The Caernarvon may originally have been intended to be the main battle tank member of the FV 201 family, but the success of the Centurion meant that such a vehicle was no longer required. The Caernarvon was therefore used only for chassis development work and troop trials.

Enter the Conqueror

It was in 1955 that the first Conqueror was produced at the beginning of a programme which saw of 20 Conqueror Mk 1 and 165 Conqueror Mk 2 tanks completed up to 1959; this total of 185 included several conversions from Caernarvon Mk II standard. The few Conqueror tanks completed soon lost most of their tactical importance with the advent of Centurion tanks armed with the excellent L7 105-mm (4.13-in) gun.

The larger-calibre gun was of US origins, namely the 120-mm (4.72-in) M58 weapon derived from a heavy anti-aircraft gun and initially used on the US M103 heavy tank, and in British service was designated as the L1. The L1 fired a separate-loading round, in which the projectile was loaded into the breech, followed by a cartridge case consisting of a brass case, primer and propellant in a fixed unit. This separate-loading system necessitated the use of two loaders. The only part of the cartridge case consumed during firing was the propellant and a plastic cap on the end of the brass cartridge case, and the spent cartridge case was ejected after firing. After being fired, the spent cartridge was extracted from the breech and fell onto the turret floor; the impact activating a trigger which started the hoist motor. The case was then lifted up a chute and ejected through a turret-side door automatically opened by the passage of the case along the chute.
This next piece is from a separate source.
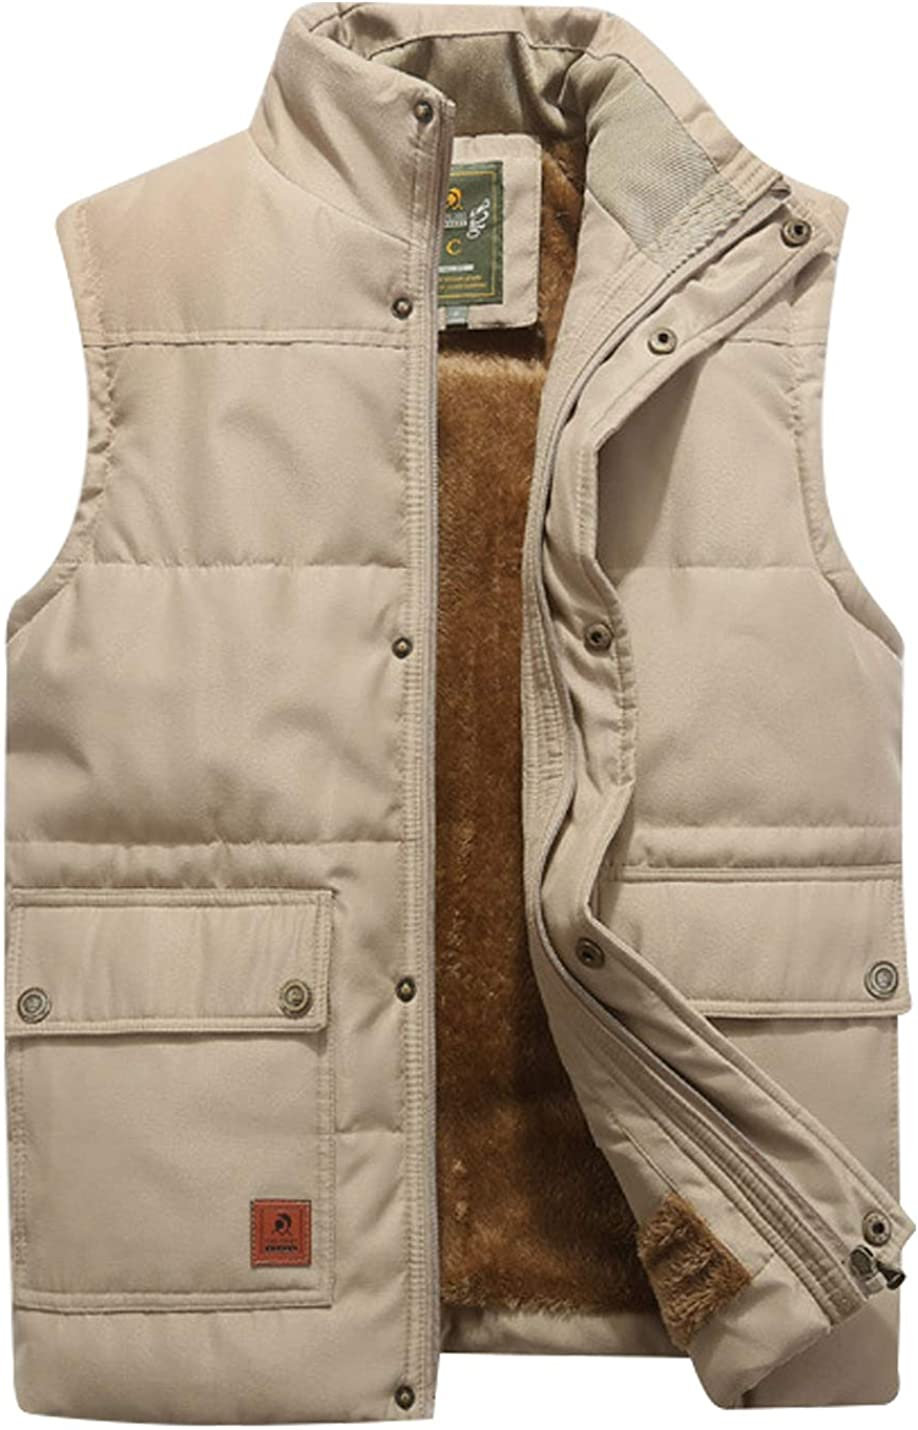 Omoone Men's High Collar Fleece Lined Gilet Warm Padded Jacket Vest Waistcoat

The use of separate-loading ammunition offered some safety advantages and facilitated handling, but reduced shell capacity to 35. The L1 was an L/55.3 rifled weapon, and weighed 3,926 lb (1781 kg) including its breech mechanism.

The armour of the Conqueror was very heavy for its time, especially in the front, where it was 7 in (178 mm) thick. Protection was therefore excellent, but on the other side of the tactical coin this meant that the considerable weight of the large cast turret required to house the gun, its spent case ejection system, rangefinder and advanced fire-control system combined with that of the large hull to render the vehicle very heavy, which meant that the Conqueror had a maximum speed of only 21 mph (34 km/h) and was mechanically unreliable – this resulted largely from the fact that the tank was underpowered with the 810-hp (604-kW) Rolls-Royce Meteor M120 Mk 1A water-cooled V-12 petrol engine. The tank’s weight also meant that few bridges could support its weight. However, rather like the Churchill infantry tank of World War II, with its Horstmann suspension (eight wheels on each side), the Conqueror had exceptional cross-country capability and proved to be as successful across country as the lighter Centurion tank.

Advanced fire-control system

One feature of particular note was the rotating commander’s cupola, which was the core of the Conqueror’s fire-control system and notably advanced for its time. The commander could align the cupola on a target independently of the turret, measure the range with a coincidence rangefinder and then direct the gunner onto the desired bearing mechanically indicated to him by the cupola. In theory, when the gunner traversed to the new bearing he would find the target already in his sight and therefore be ready for immediate engagement. Meanwhile, the commander was free to search for the next target.

The variants of the Conqueror were the Conqueror Mk I with three periscopes for the driver, Conqueror Mk II with an improved junction of the frontal armour plates, a single periscope for the driver, and an improved exhaust system, FV 215b design study of Conqueror chassis with a limited-traverse turret mounting a 183-mm (7.2-in) gun and taken only as far as a wooden mock-up, and turretless FV 222 Conqueror Armoured Recovery Vehicle of which 28 were produced as eight ARV Mk I and 20 ARV Mk II vehicles with a weight of 57 tons and a direct-pull winch with a capacity of 45 tons.

The Conqueror remained in service, with regiments of the British Army of the Rhine in West Germany, for only seven years before being replaced by later-variant Centurion tanks.

Other details of the four-crew Conqueror included a secondary armament of two 7.62-mm (0.3-in) machine guns, length of 38 ft 0 in (11.58 m) with the main gun forward, hull length of 25 ft 4 in (7.72 m), width of 13 ft 1 in (3.99 m), height of 10 ft 5 in (3.175 m), and range of 100 miles (161 km).